* Data:
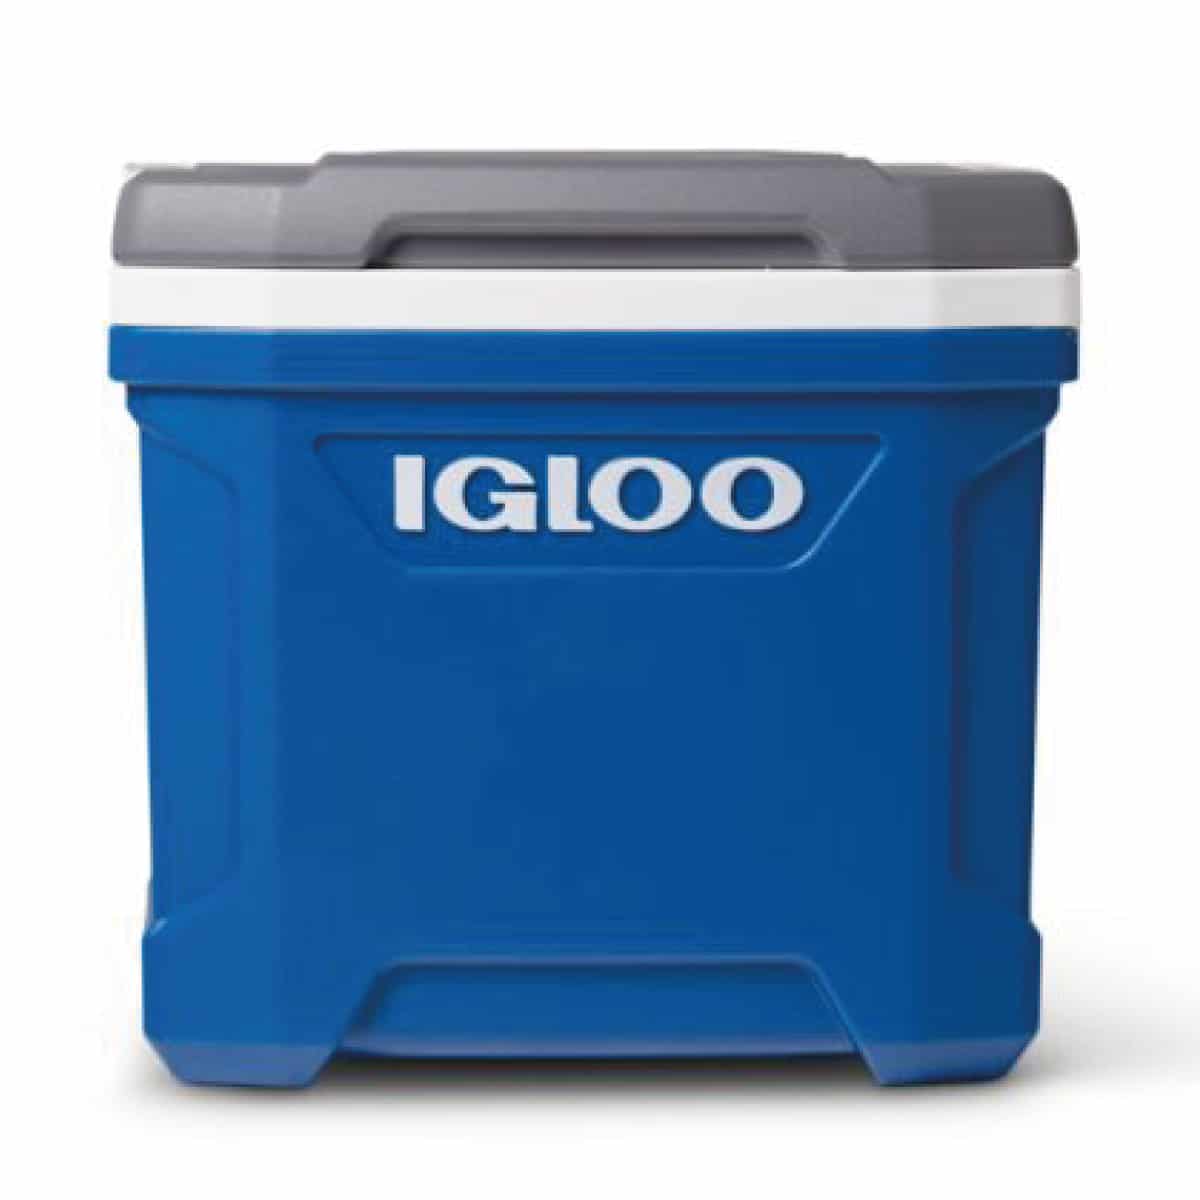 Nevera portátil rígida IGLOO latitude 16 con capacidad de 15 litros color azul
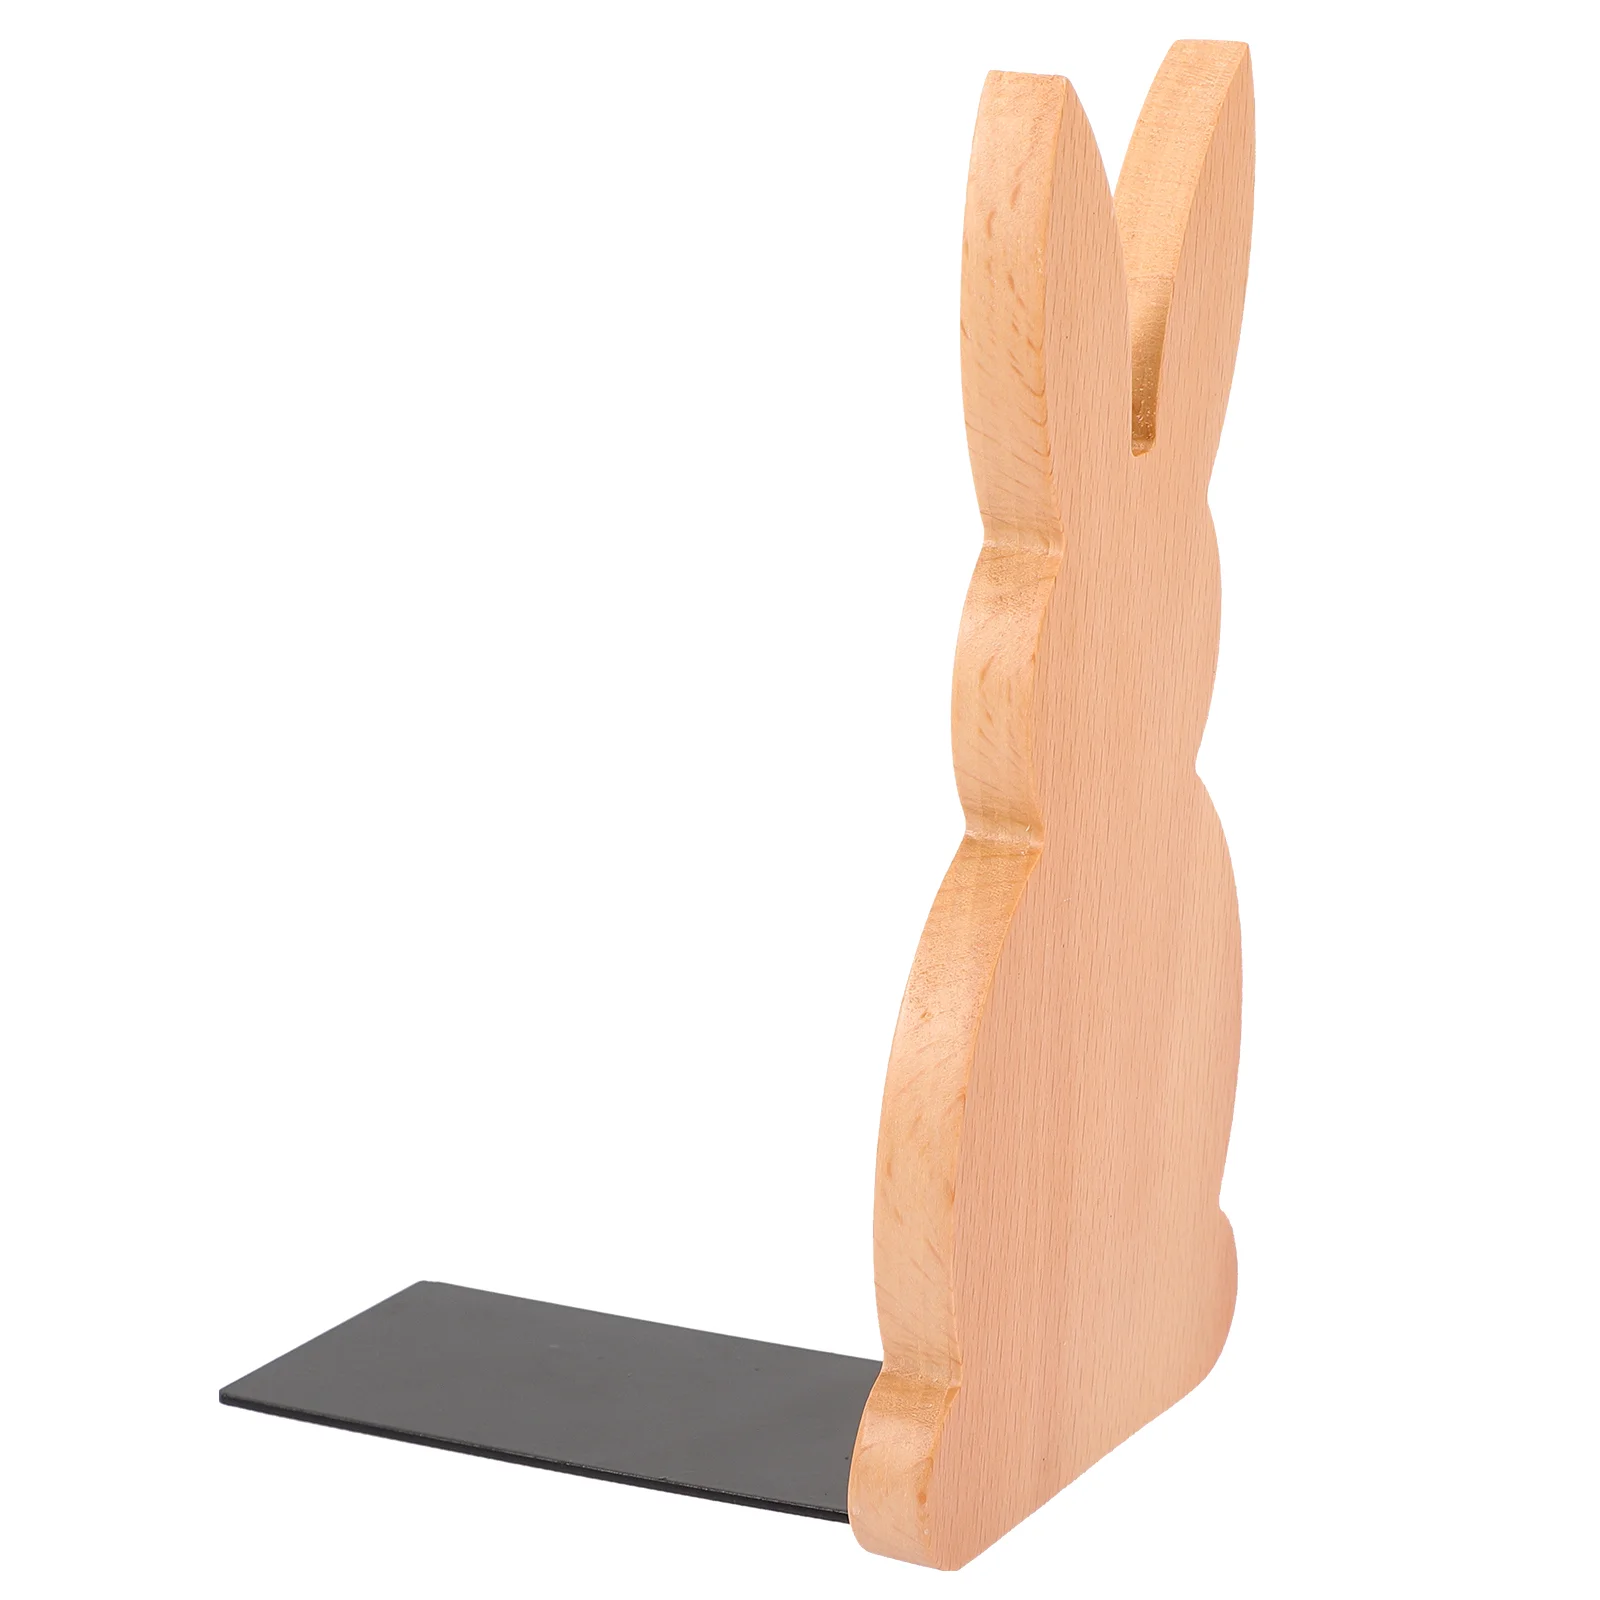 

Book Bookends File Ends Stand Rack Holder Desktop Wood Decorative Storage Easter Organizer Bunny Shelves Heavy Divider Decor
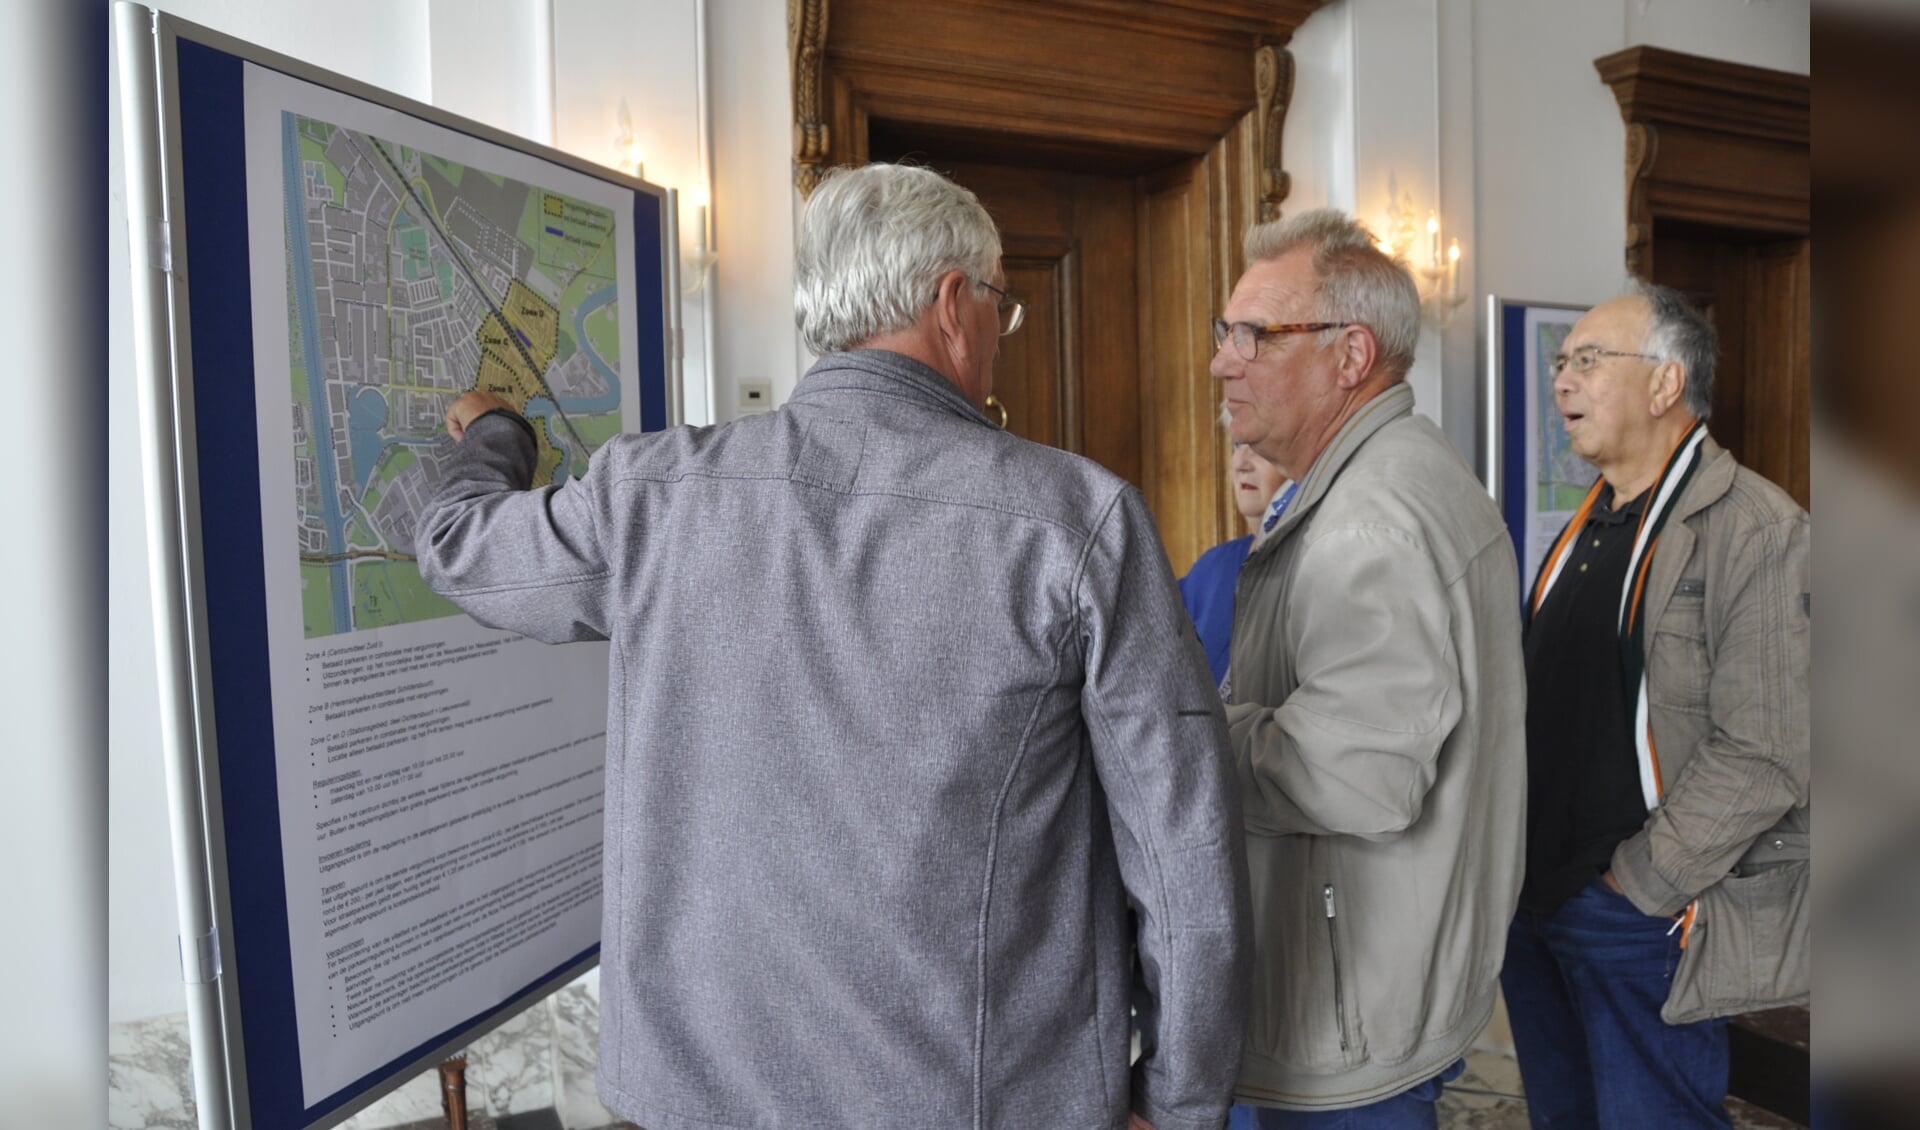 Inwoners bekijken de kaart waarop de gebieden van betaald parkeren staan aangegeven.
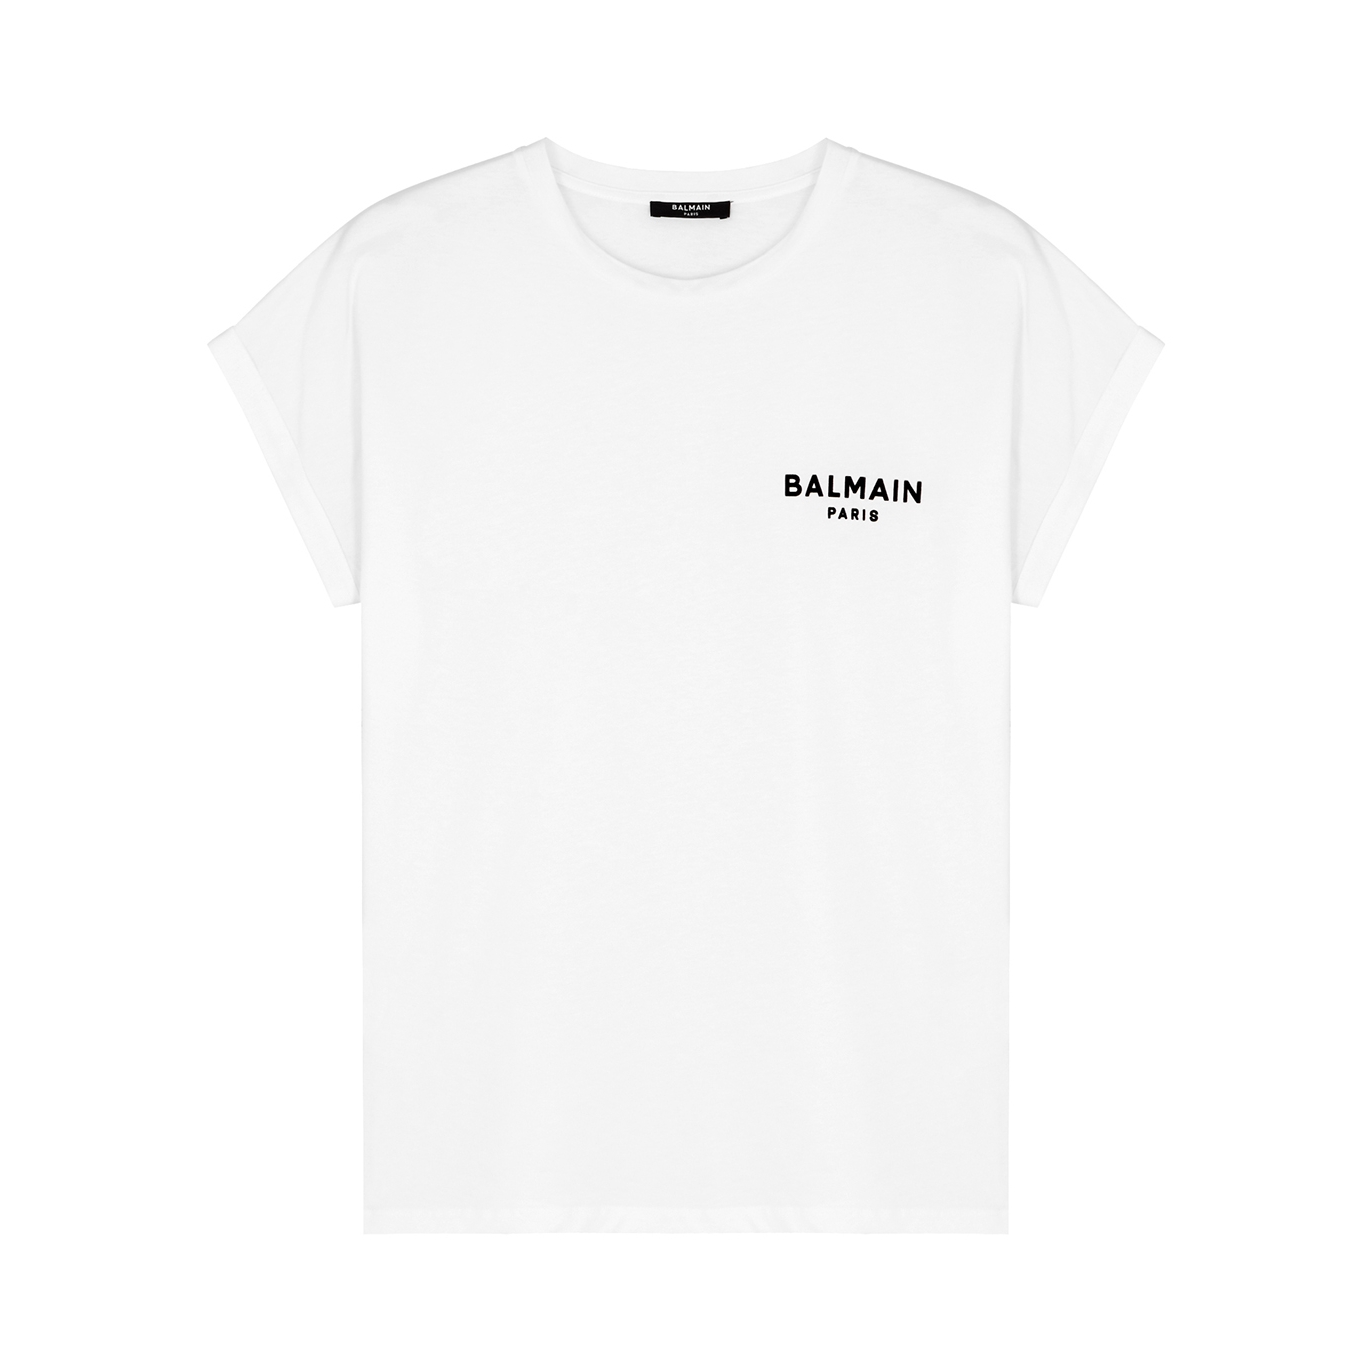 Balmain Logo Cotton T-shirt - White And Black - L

* Aim of the exercise: Please copy out from the data above, without any picture, exactly the lines running from the one that holds "Book Bookends File" through the one that holds "Inwoners bekijken de", and nothing beyond them.

* Answer to this exercise:
Book Bookends File Ends Stand Rack Holder Desktop Wood Decorative Storage Easter Organizer Bunny Shelves Heavy Divider Decor
 Inwoners bekijken de kaart waarop de gebieden van betaald parkeren staan aangegeven.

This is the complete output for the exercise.